As concern as form errors messages, is that not the responsability of @if (*ngIf) ?
You can also create a modal service that creates and manages modal wrappers, allowing you to inject any component inside these wrappers, similar to how `NgbModal` works ;)
@@Ahmed.Kharrat dialog window a good example too. Thanks, Ahmed!
we need course for ssr or a video anything will be fine
Hi Dmytro, first of all thanks for the great content :)
what you think about this alternative:
this.#componentRef.instance.title.set('weather');
and also we can guarantee type checking by
(this.#componentRef.instance as WidgetComponent).title.set('weather');
Yo yo
✌🏻
Yo First comment :D
Nice!!!😉
I found it a bit confusing, I'd rather have preferred having those solutions split instead of mixing them up in the same file. But thanks anyway 😊
In which case this can be useful? Just create component with all the inputs and outputs and render it based on condition.

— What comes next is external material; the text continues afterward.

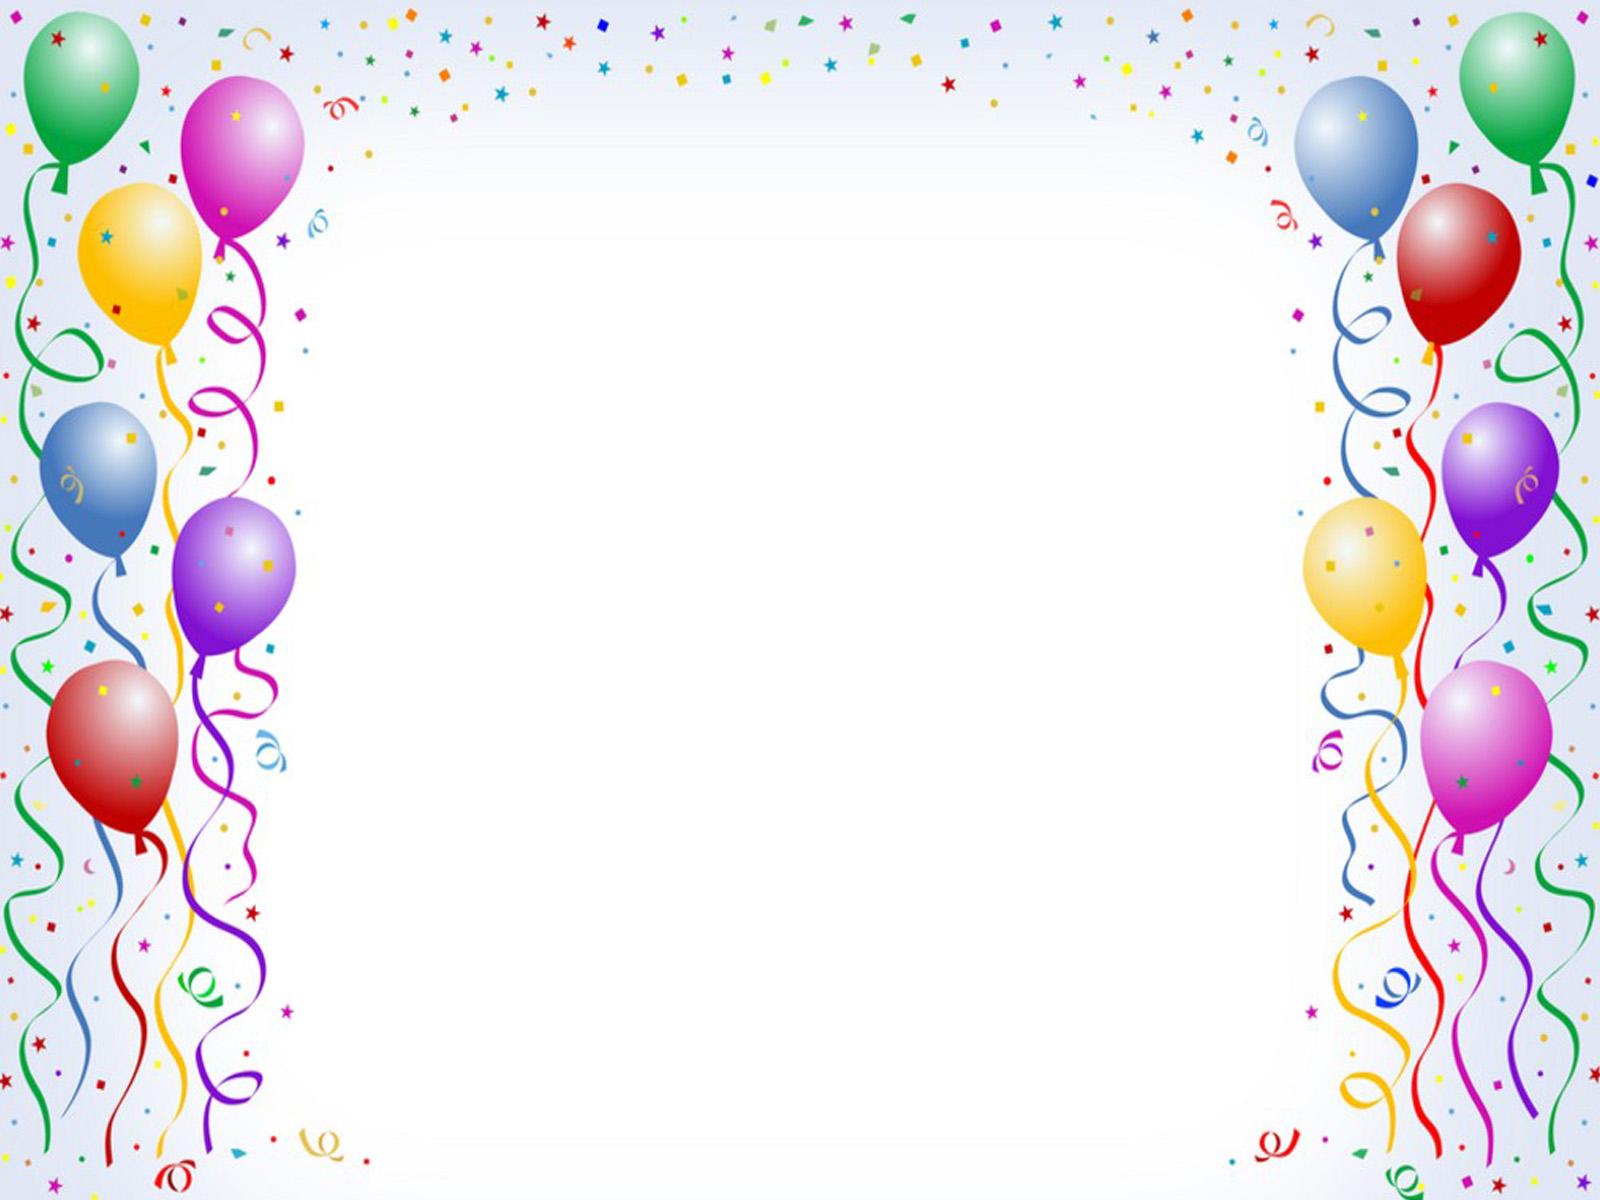 Birthday Background wallpaper 1600x1200 26403 1600x1200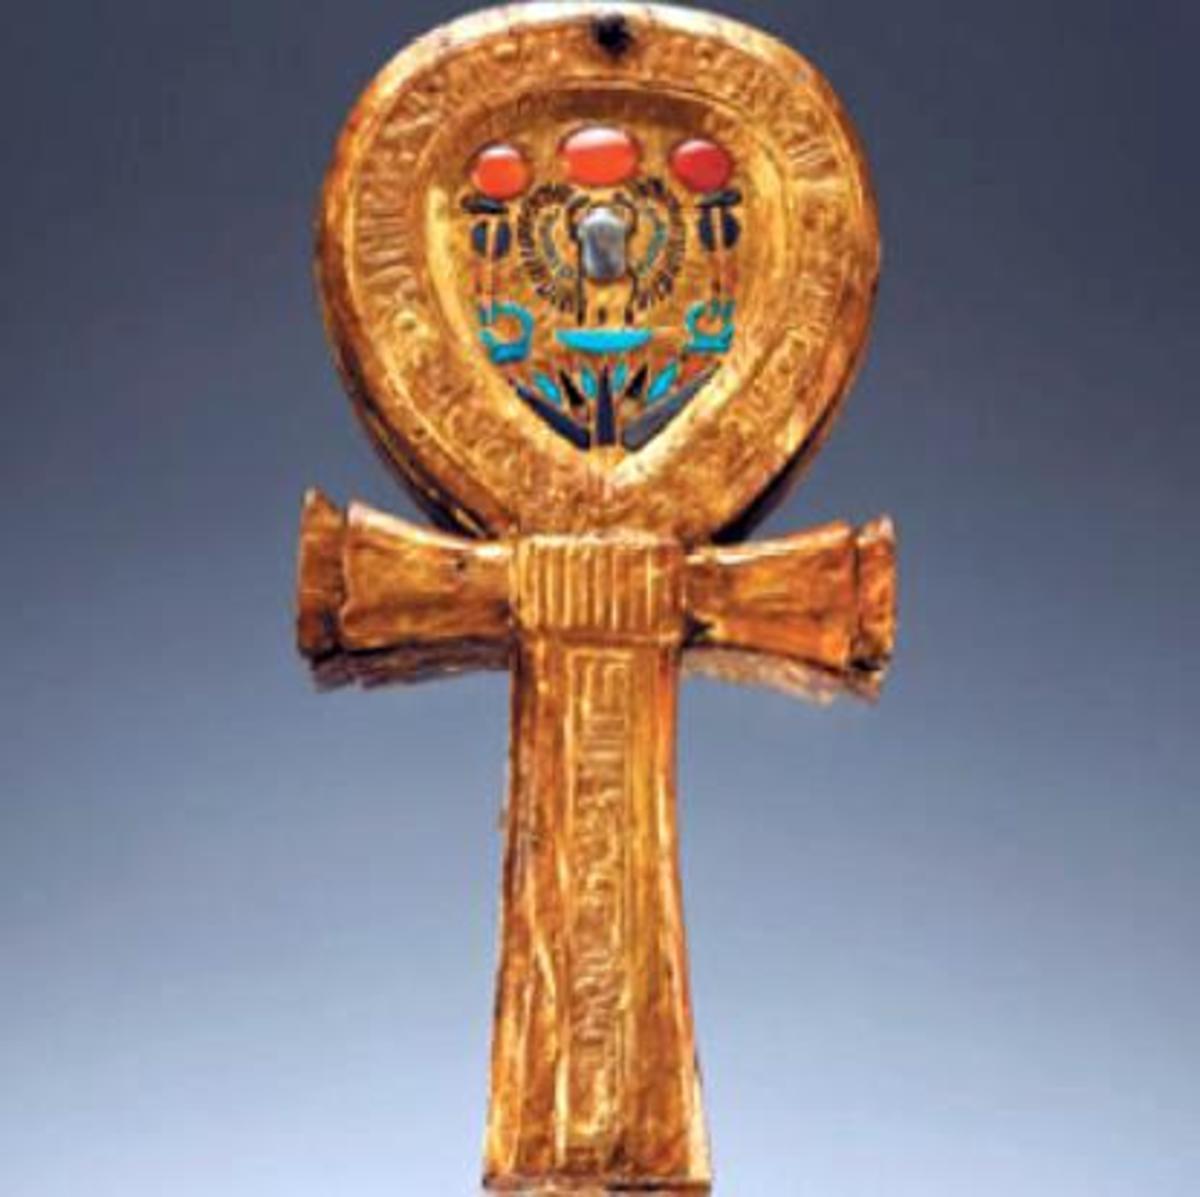 Ankh Mirror from the tomb of Tutankhamen

For example, for a wyswyg, or if you have a dashboard where the user can create different type of widgets
It might be useful when you don't know in advance which component has to be rendered (e.g. It depends on configuration from server).
Using if/else blocks might work ok if you have only 1-2 components to deal with, otherwise you will quickly notice that this solution doesn't scale well and each time you need to add a new component, you have to introduce another @if block.
I have a task to create a custom directive that takes either a class constructor, a `TemplateRef`, or a simple string as input, and displays it as an overlay when the user hovers over the element bound to the directive. Handling the `TemplateRef` and string can be done easily with `ngTemplateOutlet` and string interpolation, but rendering the class constructor requires extra steps like what we learn in this video
Angular has an absolutely terrible and boilerplaty way of doing things that in principle should not be that complex. But amazing video anyways!